Stored items
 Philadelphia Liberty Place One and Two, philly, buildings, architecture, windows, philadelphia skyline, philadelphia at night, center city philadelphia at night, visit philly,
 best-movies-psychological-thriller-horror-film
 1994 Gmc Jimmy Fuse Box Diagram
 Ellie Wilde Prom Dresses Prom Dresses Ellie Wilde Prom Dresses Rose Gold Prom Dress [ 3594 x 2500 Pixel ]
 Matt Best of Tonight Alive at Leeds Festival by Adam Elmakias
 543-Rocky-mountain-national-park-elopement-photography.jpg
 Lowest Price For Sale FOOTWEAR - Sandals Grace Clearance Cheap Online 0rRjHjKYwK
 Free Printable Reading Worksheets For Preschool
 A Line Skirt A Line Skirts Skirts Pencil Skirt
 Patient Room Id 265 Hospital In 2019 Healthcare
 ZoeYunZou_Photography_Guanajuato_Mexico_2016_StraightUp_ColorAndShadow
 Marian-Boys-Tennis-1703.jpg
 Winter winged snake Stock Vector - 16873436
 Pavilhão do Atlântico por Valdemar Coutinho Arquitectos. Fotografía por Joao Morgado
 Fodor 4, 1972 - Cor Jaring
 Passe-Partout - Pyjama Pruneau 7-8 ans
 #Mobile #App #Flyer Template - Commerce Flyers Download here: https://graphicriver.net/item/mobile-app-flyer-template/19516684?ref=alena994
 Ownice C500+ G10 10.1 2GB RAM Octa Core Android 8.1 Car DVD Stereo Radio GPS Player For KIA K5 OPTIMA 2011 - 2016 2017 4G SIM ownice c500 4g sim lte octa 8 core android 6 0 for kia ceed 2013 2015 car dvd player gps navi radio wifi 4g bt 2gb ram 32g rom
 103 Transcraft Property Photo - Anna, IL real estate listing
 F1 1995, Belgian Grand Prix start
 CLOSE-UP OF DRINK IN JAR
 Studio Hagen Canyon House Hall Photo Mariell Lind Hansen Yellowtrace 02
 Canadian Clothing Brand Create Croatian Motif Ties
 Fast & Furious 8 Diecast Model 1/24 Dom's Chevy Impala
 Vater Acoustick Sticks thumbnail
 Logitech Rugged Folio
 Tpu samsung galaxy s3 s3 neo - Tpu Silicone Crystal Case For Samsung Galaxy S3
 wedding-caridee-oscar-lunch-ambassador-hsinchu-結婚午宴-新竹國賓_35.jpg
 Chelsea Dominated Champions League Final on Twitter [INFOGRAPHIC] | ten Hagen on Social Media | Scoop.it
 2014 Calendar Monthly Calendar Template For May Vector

GOAL OF THE EXERCISE
Out of the data above, give again only the lines starting at the one holding "103 Transcraft Property" and ending at the one holding "Chelsea Dominated Champions", unchanged.

SOLUTION FOR THIS PROBLEM
 103 Transcraft Property Photo - Anna, IL real estate listing
 F1 1995, Belgian Grand Prix start
 CLOSE-UP OF DRINK IN JAR
 Studio Hagen Canyon House Hall Photo Mariell Lind Hansen Yellowtrace 02
 Canadian Clothing Brand Create Croatian Motif Ties
 Fast & Furious 8 Diecast Model 1/24 Dom's Chevy Impala
 Vater Acoustick Sticks thumbnail
 Logitech Rugged Folio
 Tpu samsung galaxy s3 s3 neo - Tpu Silicone Crystal Case For Samsung Galaxy S3
 wedding-caridee-oscar-lunch-ambassador-hsinchu-結婚午宴-新竹國賓_35.jpg
 Chelsea Dominated Champions League Final on Twitter [INFOGRAPHIC] | ten Hagen on Social Media | Scoop.it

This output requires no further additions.